What you are asked to do |
Images in the data are to be skipped, while every line is restated exactly as written.

Data block Block Start

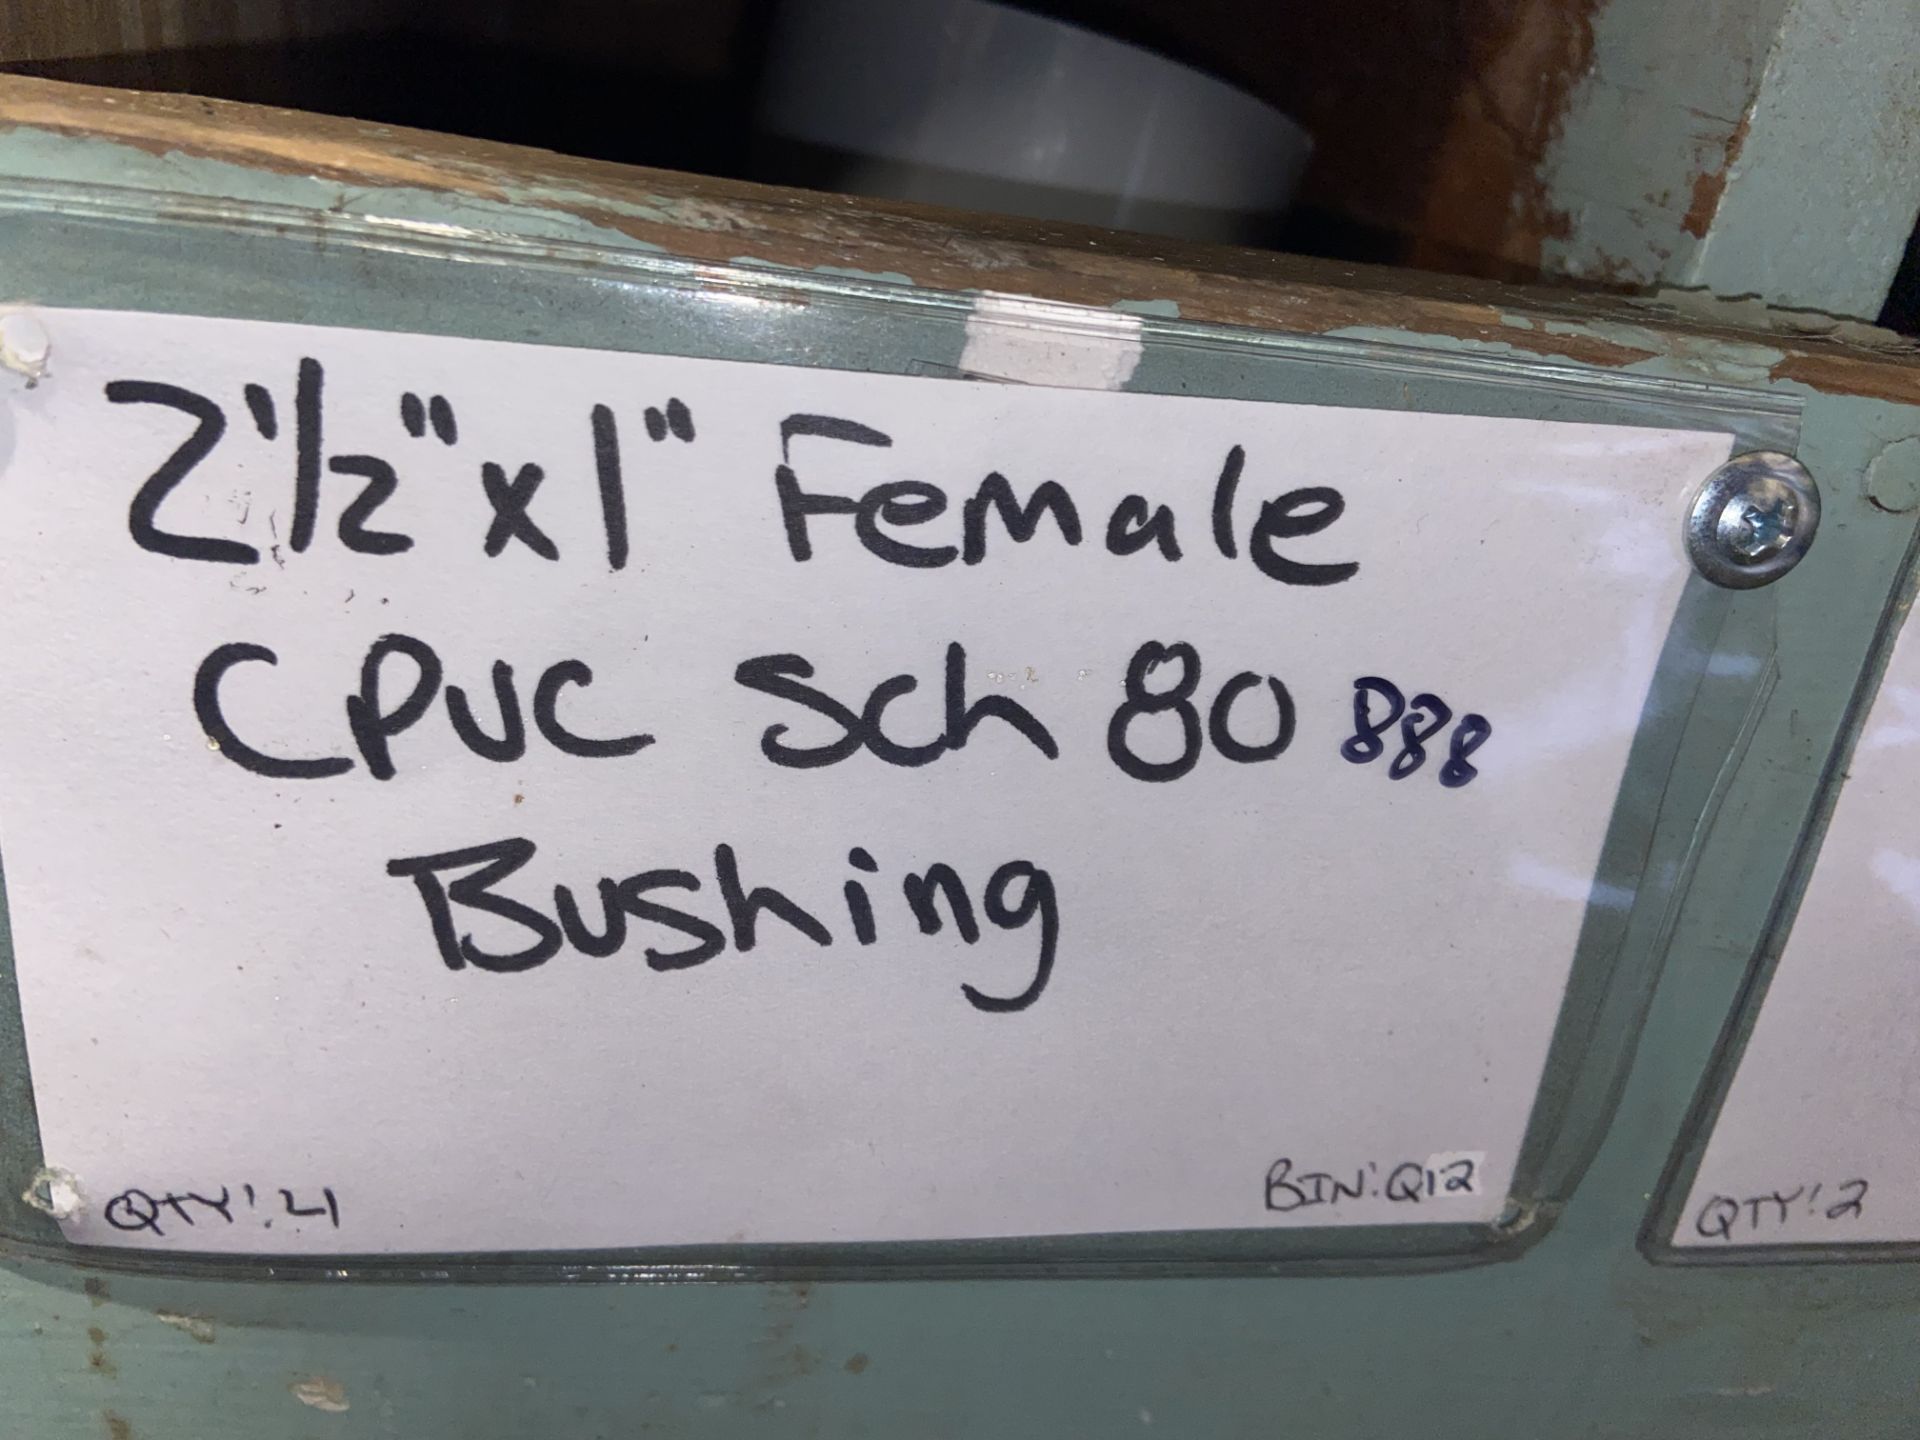 (9) 2 1/2”x 1” Female CPVC SCH 80 Bushing (2) 2 1/2”x 2” CPVC SCH 80 Bushing (BinQ12-Q18) (3) 3x” - Image 2 of 6
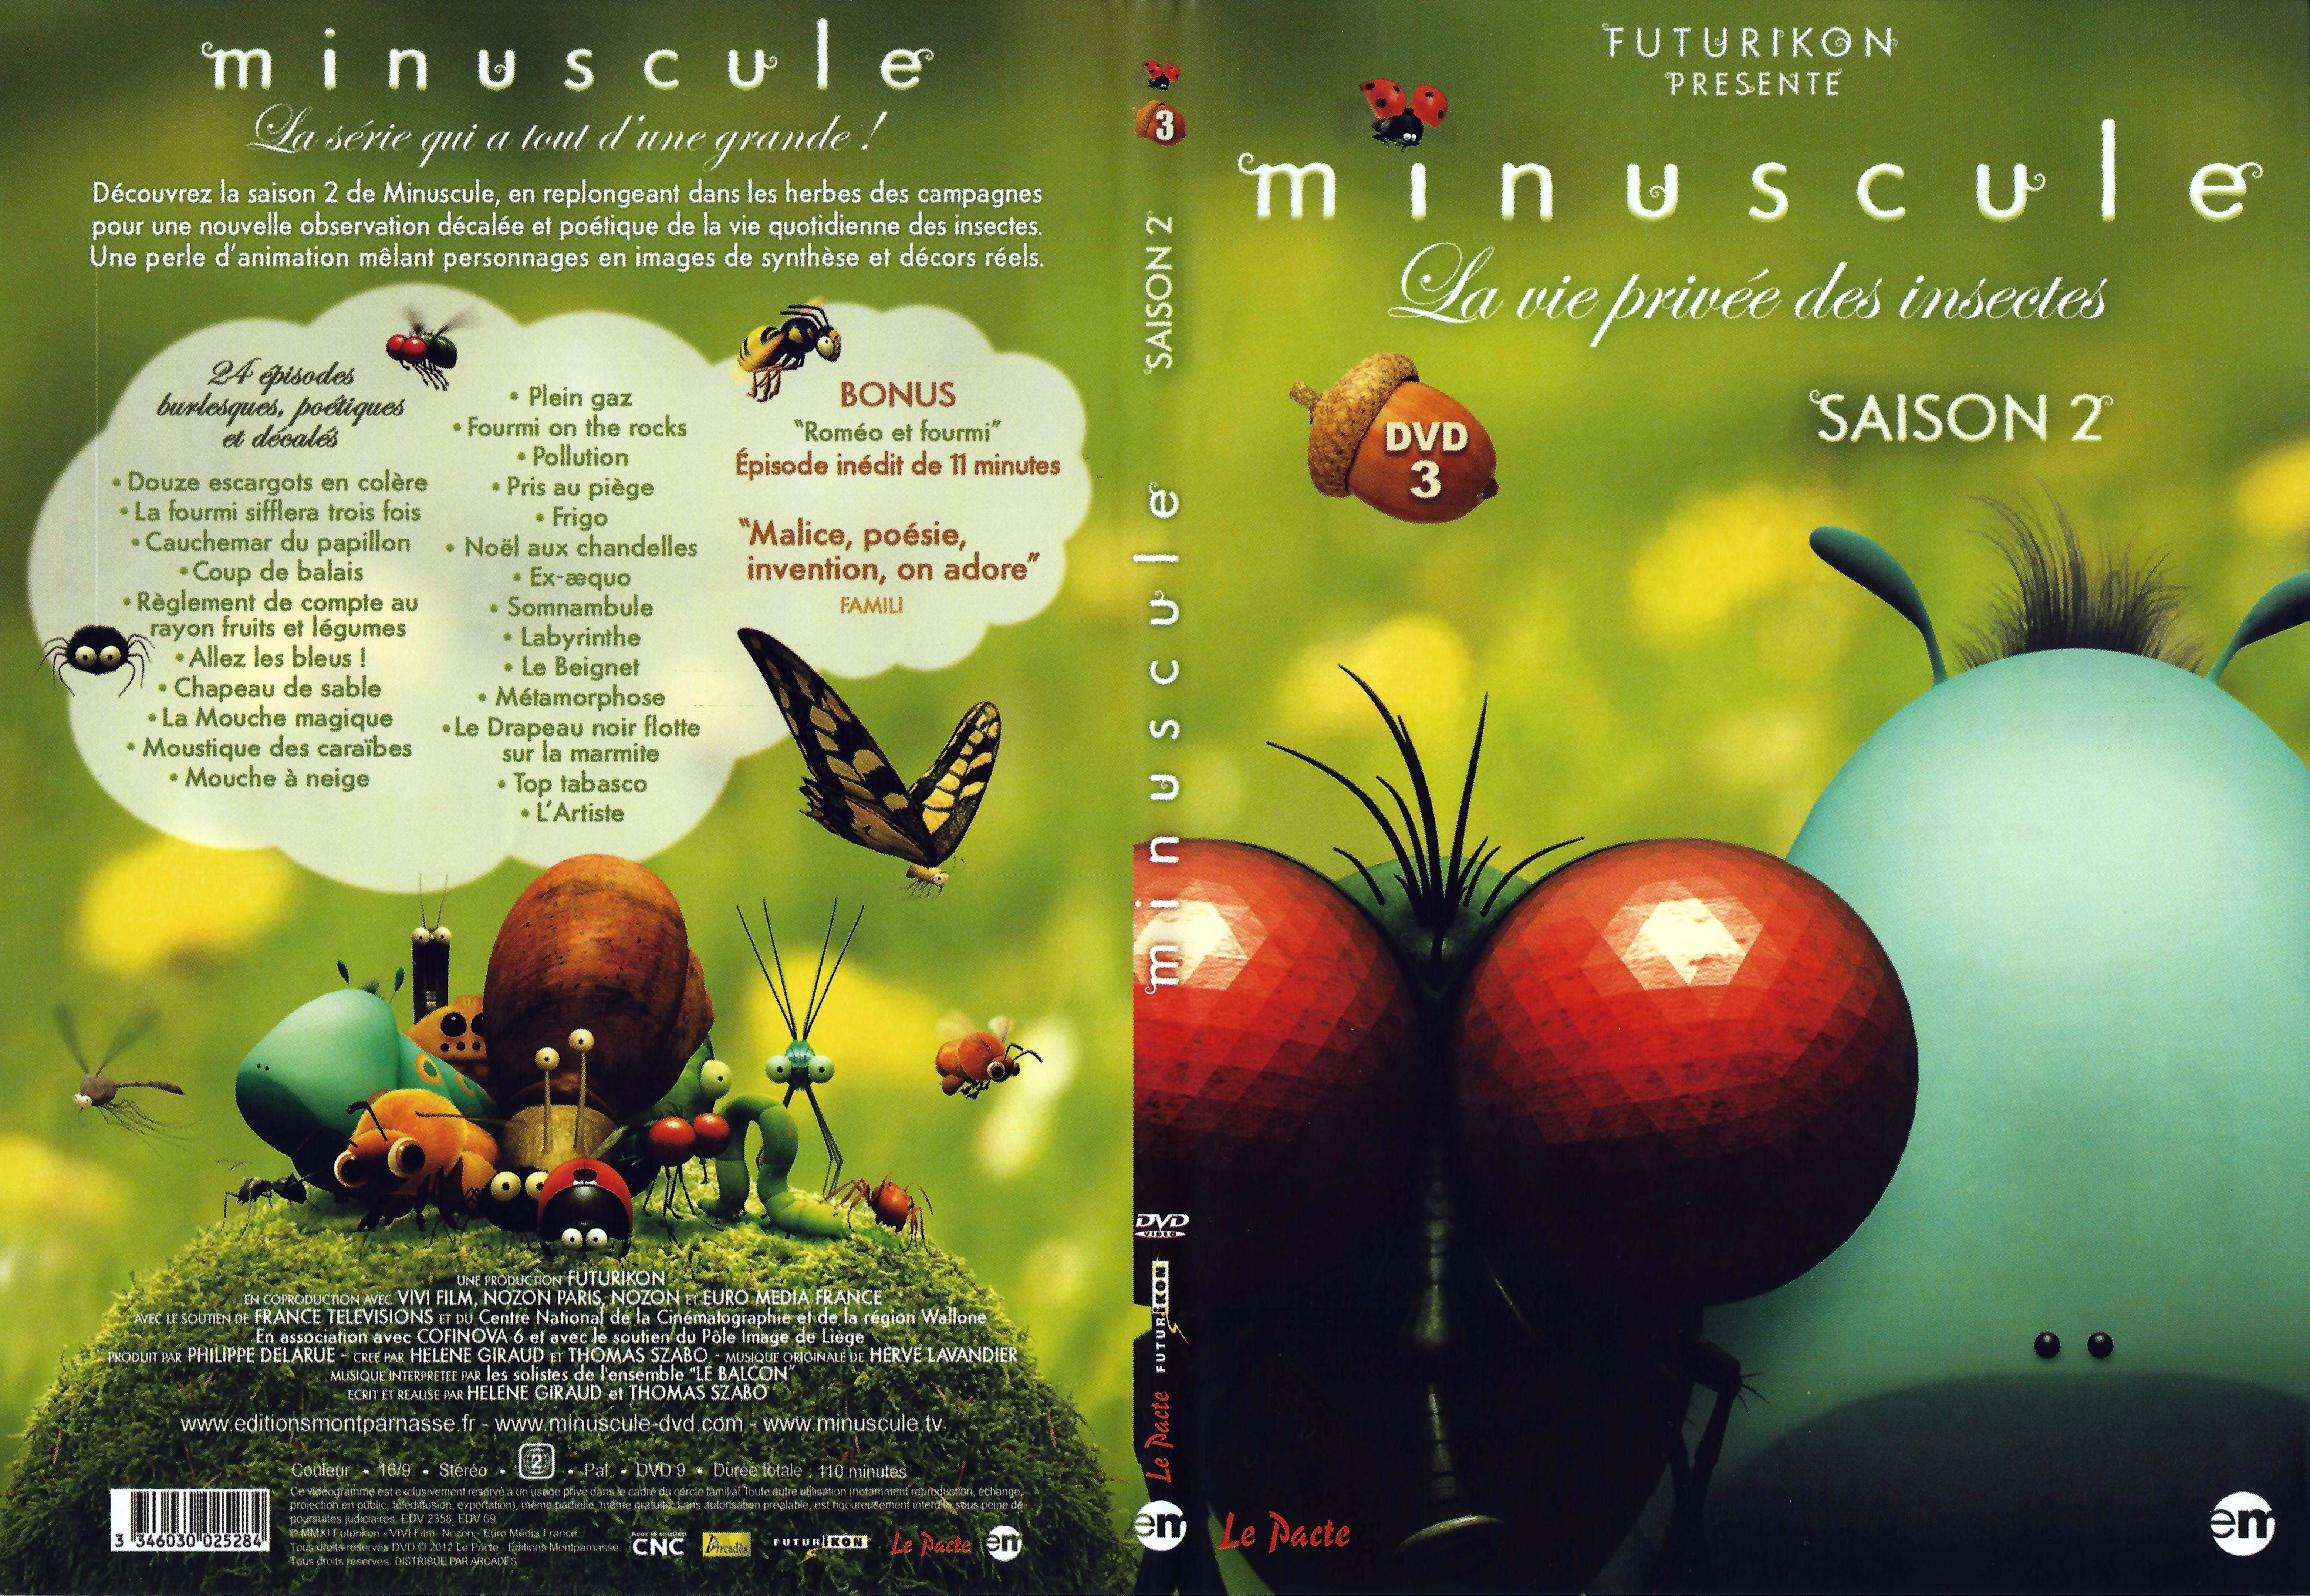 Jaquette DVD Minuscule Saison 2 DVD 3
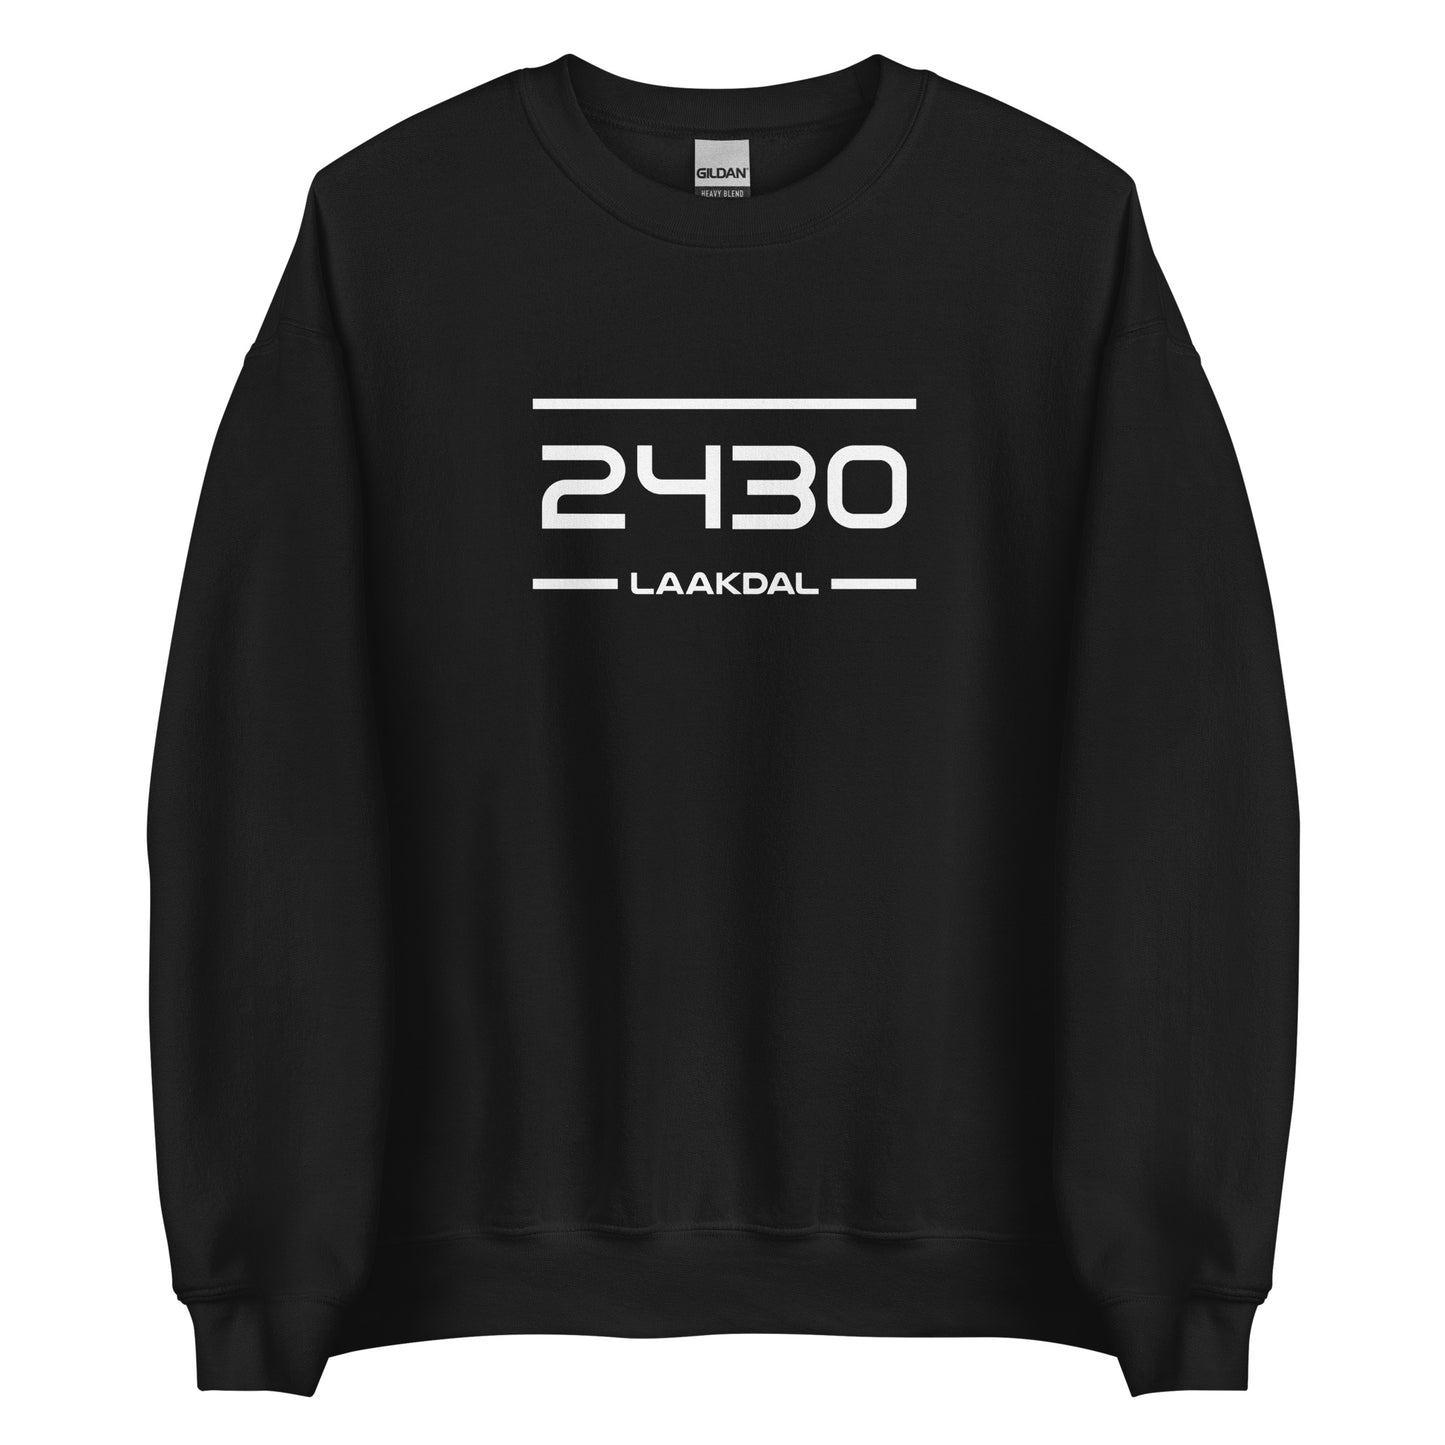 Sweater - 2430 - Laakdal (M/V)

Data block Block End

Response to this task |
 (9) 2 1/2”x 1” Female CPVC SCH 80 Bushing (2) 2 1/2”x 2” CPVC SCH 80 Bushing (BinQ12-Q18) (3) 3x” - Image 2 of 6
 Jaquette DVD Minuscule Saison 2 DVD 3
 Sweater - 2430 - Laakdal (M/V)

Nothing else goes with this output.